## Task directions
Give back, unaltered, the lines from the one with "Syllabus for the" to the end of the material, omitting pictures.

## Source data
........
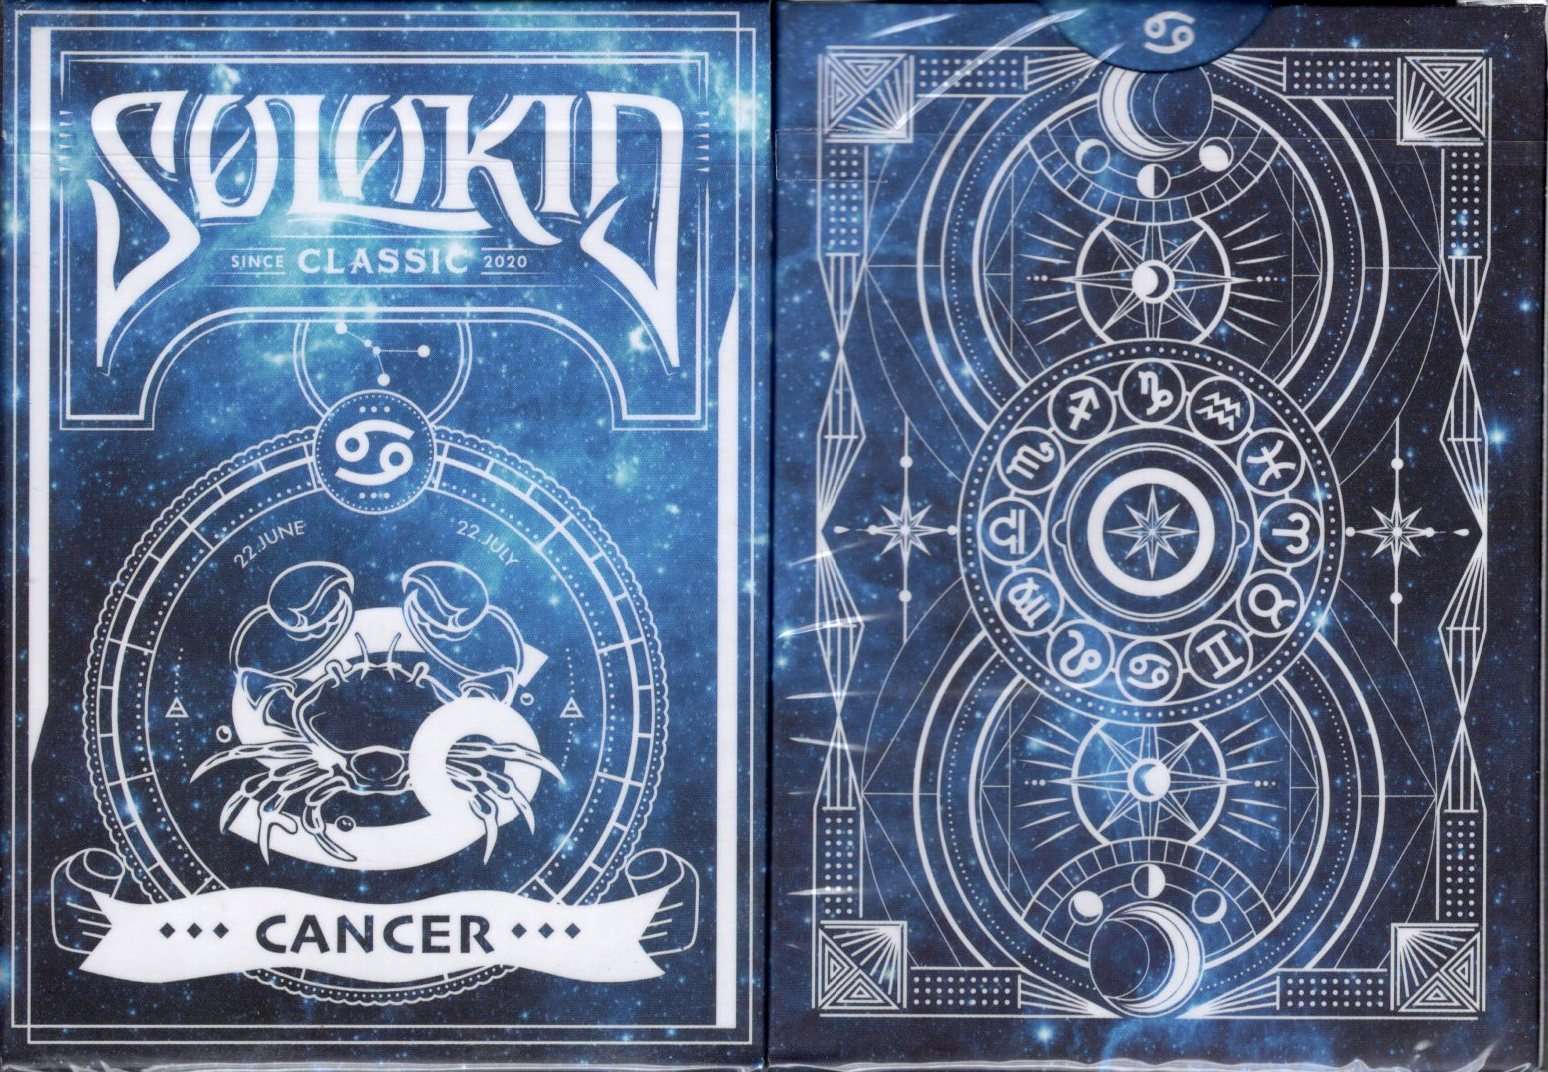 PlayingCardDecks.com-Solokid Constellation Series v2 Cancer Playing Cards MPC
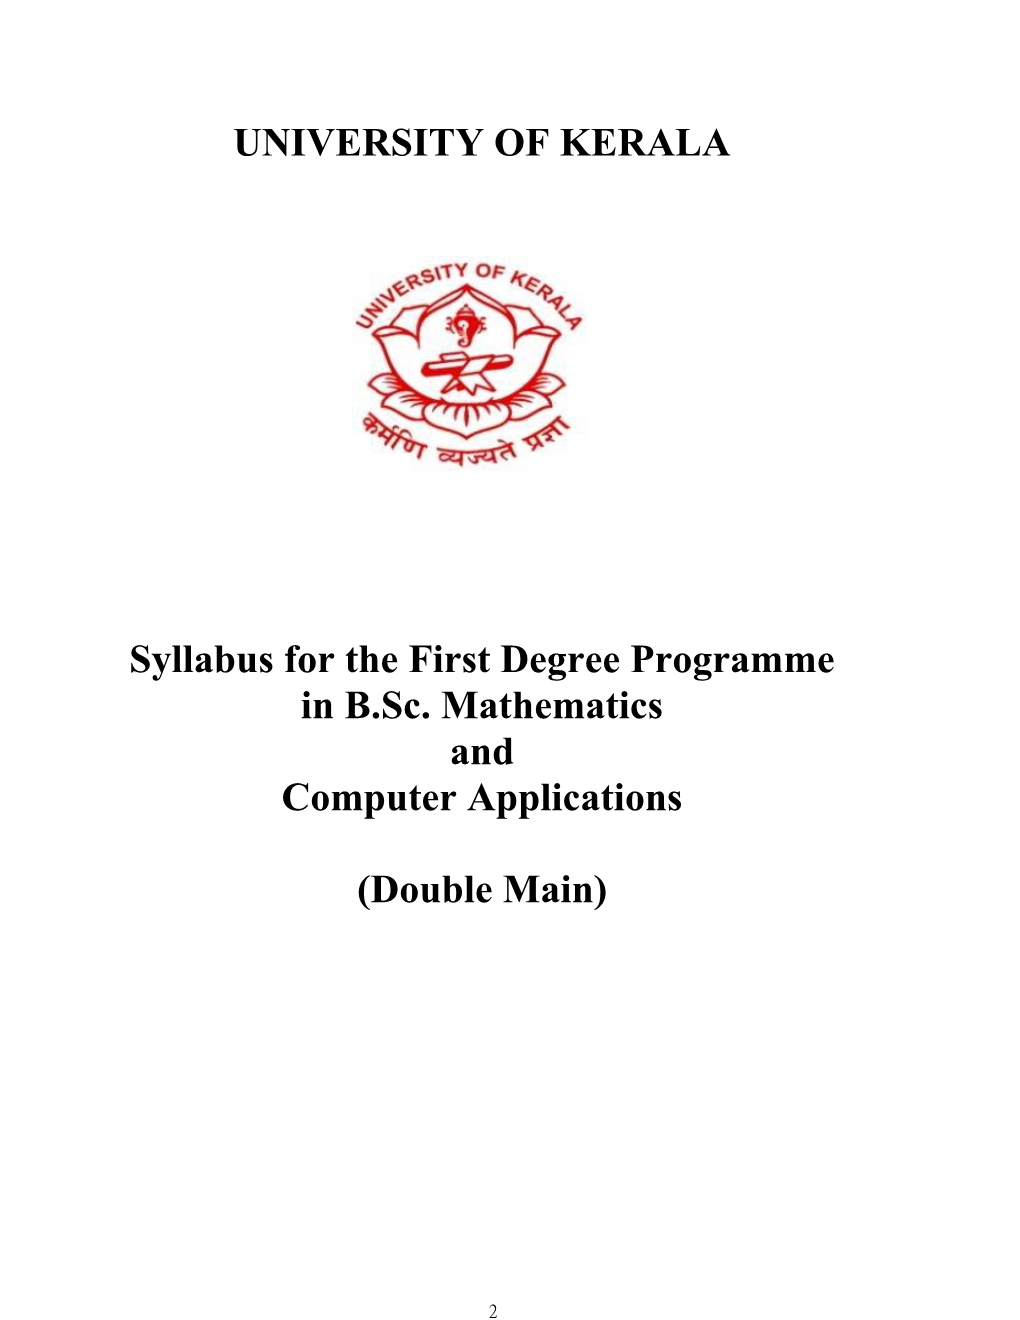 Syllabus for the First Degree Programme in B.Sc. Mathematics and Computer Applications
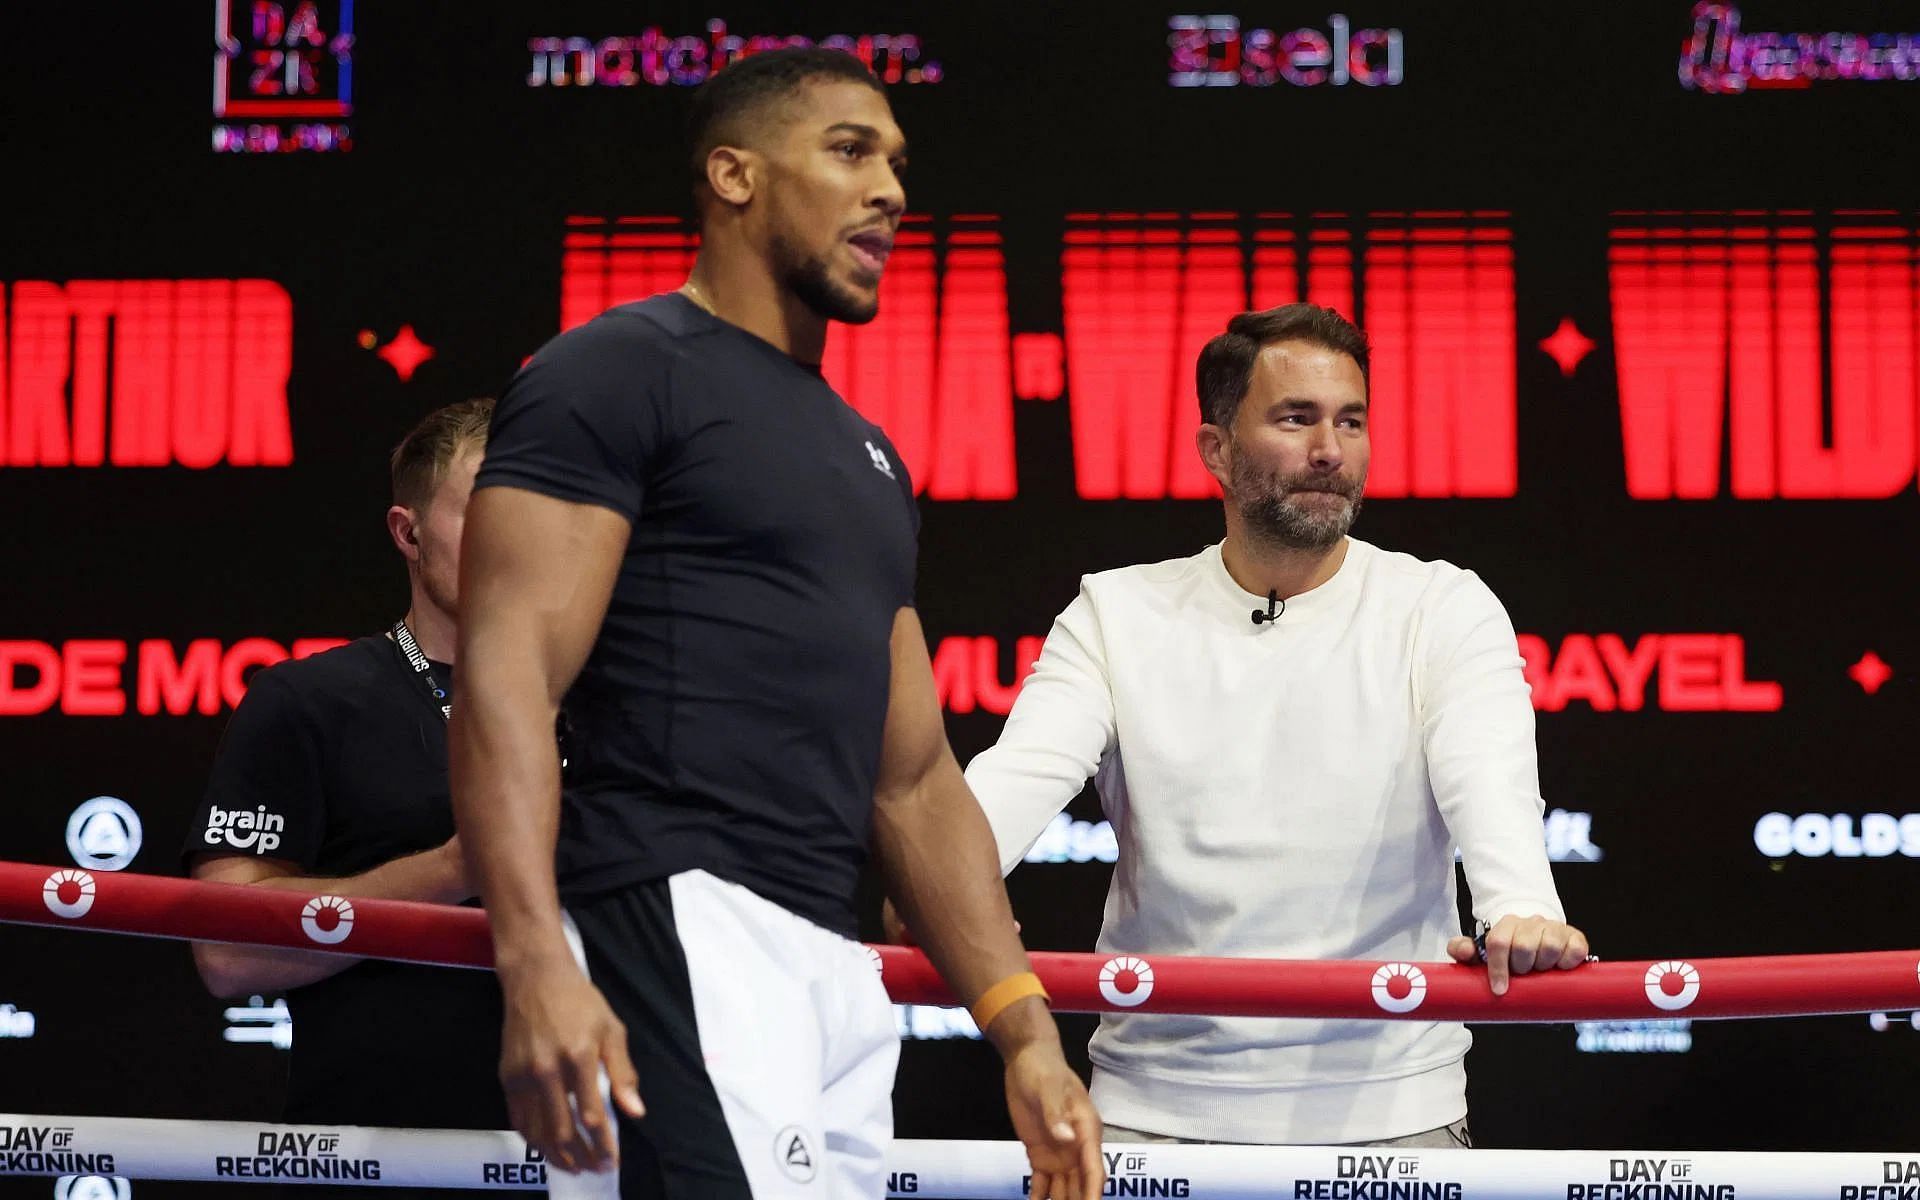 Anthony Joshua (left) has lots of options on the table, says his promoter, Eddie Hearn (right) [Image Courtesy: @GettyImages]
........
## Completed exercise
 Syllabus for the First Degree Programme in B.Sc. Mathematics and Computer Applications
 Anthony Joshua (left) has lots of options on the table, says his promoter, Eddie Hearn (right) [Image Courtesy: @GettyImages]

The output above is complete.